Dila, Schmidt oyun firmasının standında yaşıtı bir kız ile yarıştı. İkisine de aynı yapbozdan verdiler, amaç önce tamamlamak. Yarışta şike vardı, kızın abla ve annesi tamamladı yapbozu neredeyse. Ama Dilamız ödül olarak güzel bir yapboz kazandı.

Çocukların çalıştırılmasına karşı olan bir afişle poz verdik.

Zaten bu etkinliğin teması 'Çocuk Hakları' idi.

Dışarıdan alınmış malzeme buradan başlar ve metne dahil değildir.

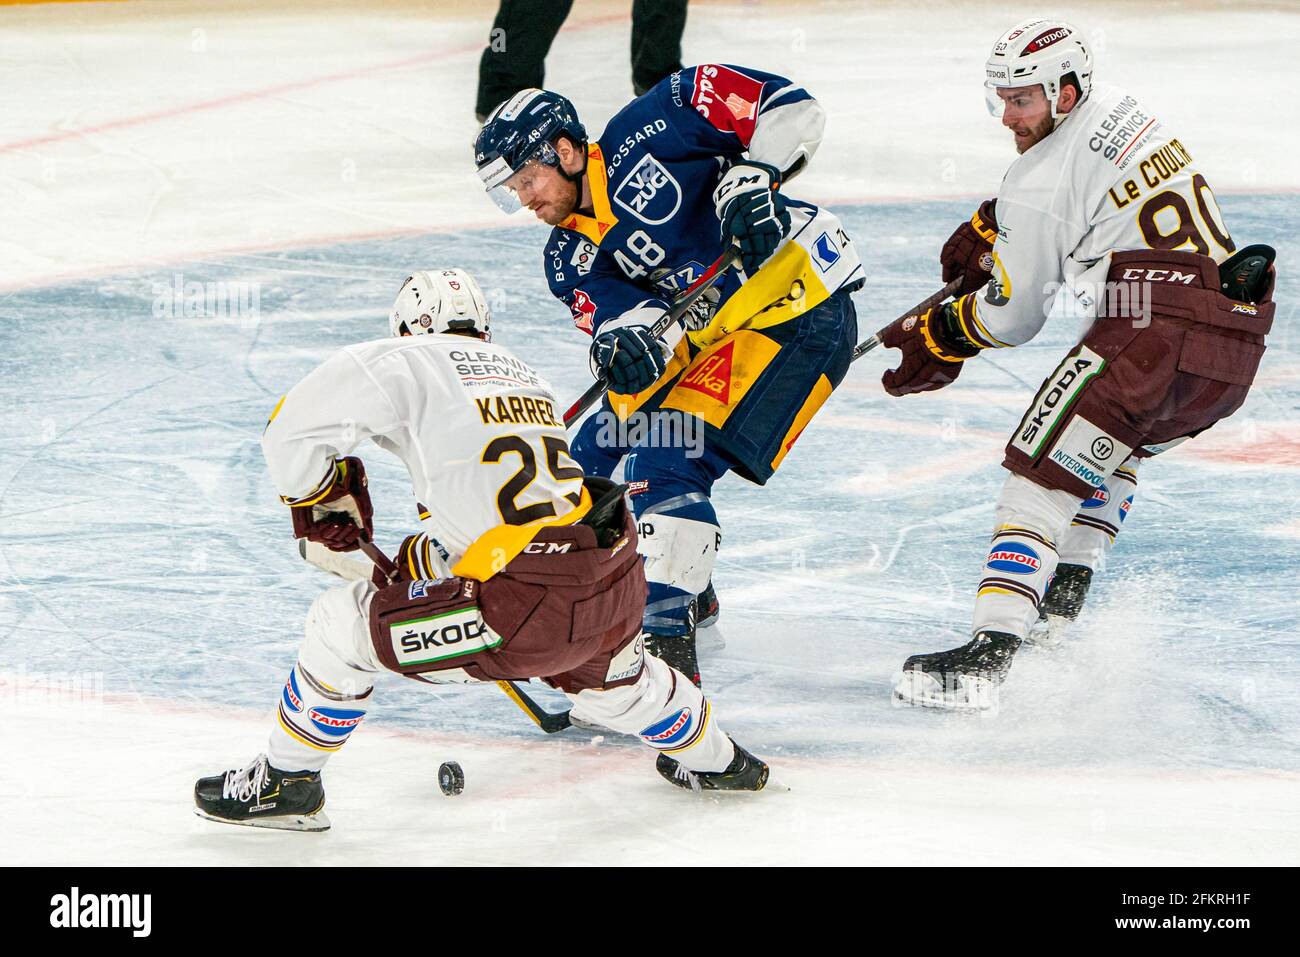 # 90 Simon Le Coultre (Geneva) and # 25 Roger Karrer (Geneva) stop Carl Klingberg # 48 (EV Zug) during the National League Playoff Final ice hockey game 1 between EV Zug and Geneve-Servette HC on May 3rd, 2021 in Bossard Arena in Zug. (Switzerland/Croatia OUT) Credit: SPP Sport Press Photo. /Alamy Live News Stock Photo
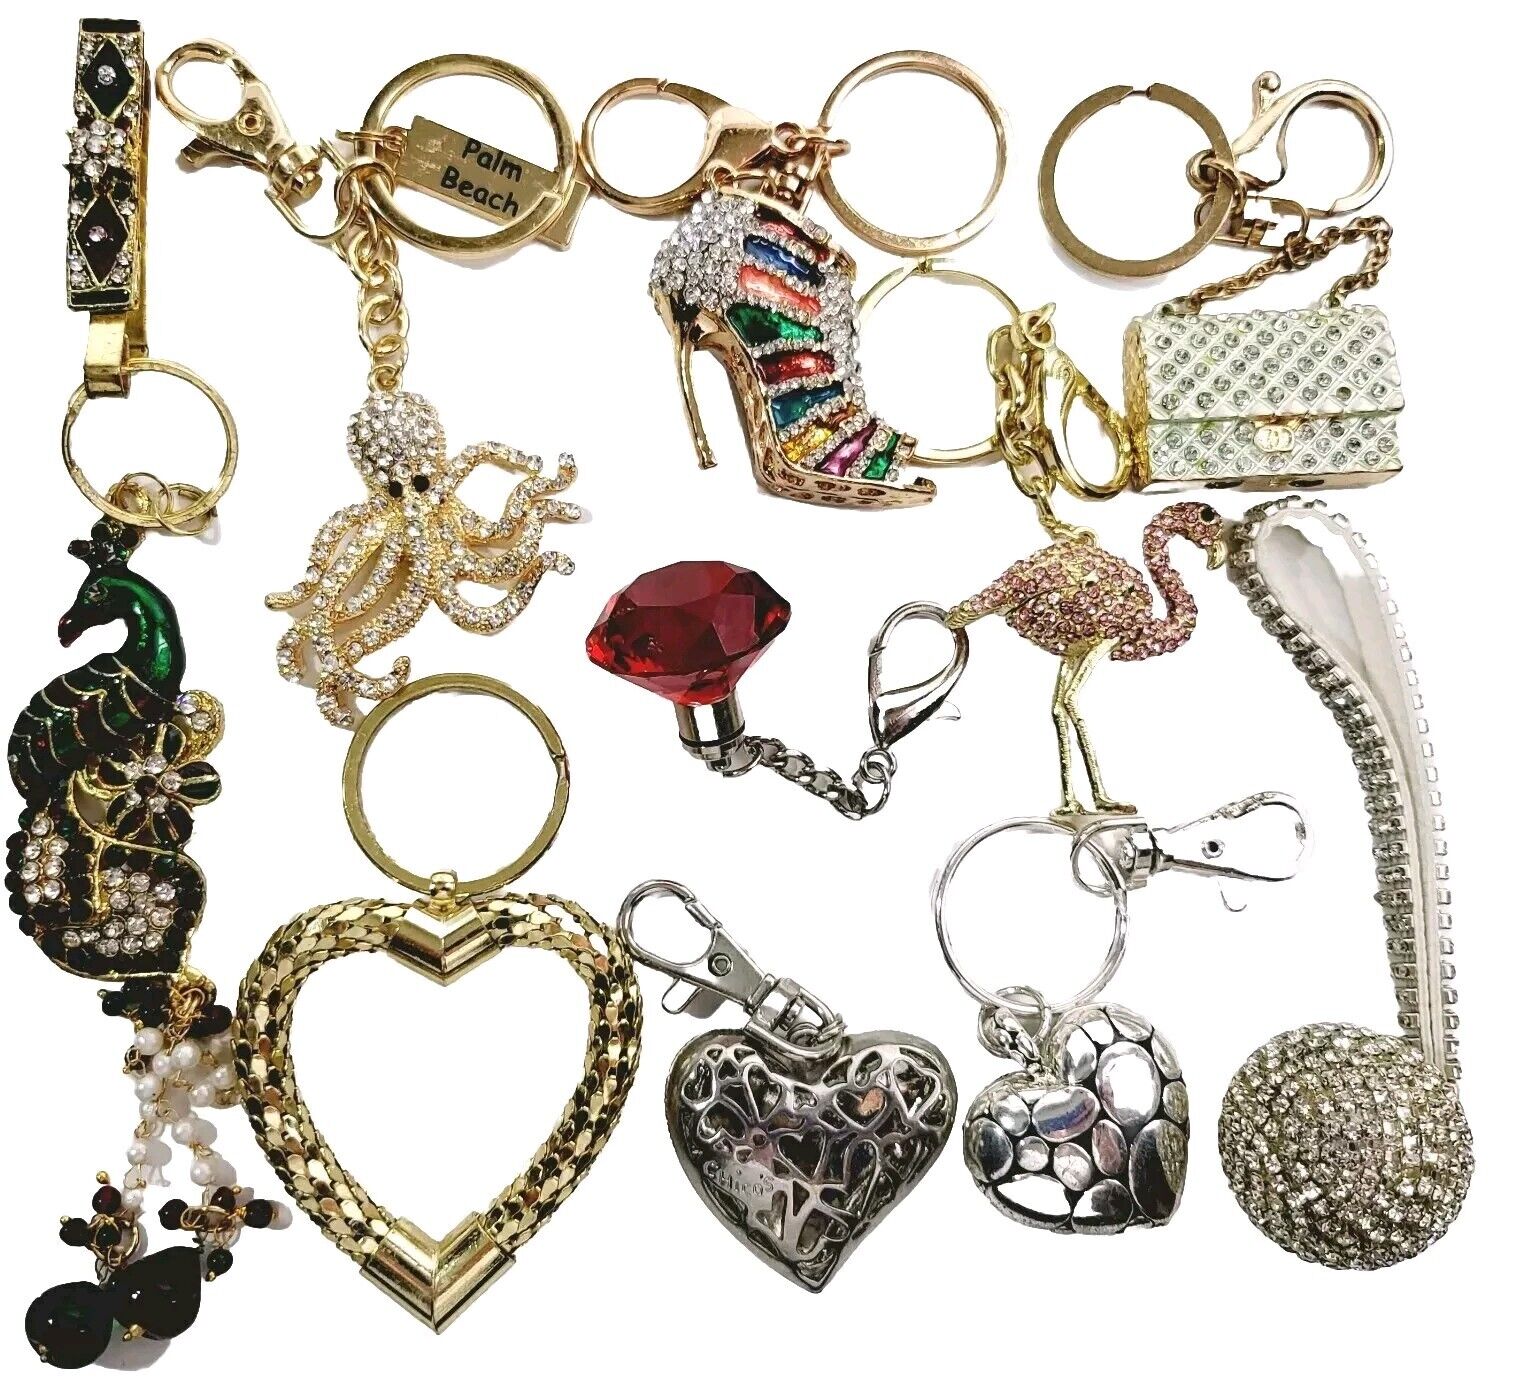 Keychain Lot Bling Style Vintage & Modern Novelty Fashion Key Chains 10pcs Total

Etkinlikte büyük bir alanı da
organik ürünlerin tanıtıldığı standlar
kaplıyordu.




















XXL Donut da böyle oluyormuş!







Eve gelince hemen mutfağa girdim, bir yandan da sofrayı hazırladım. Dila da bana sofra kurmada yardımcı oldu.

17 Eylül 2008 Çarşamba

Danke Schön Etmek



Dila anaokuluna başlayalı tam 1 yıl oldu ama bu 1 yılın 4 ayını Türkiye'de geçirdik. Bu yüzden olsa gerek henüz Almanca konuşmaya başlamadı. Ama günlük konuşmalarımızda arada almanca kelimeleri kullanabiliyor. Bunlardan birini bugün yaşadım ve çok hoşuma gitti.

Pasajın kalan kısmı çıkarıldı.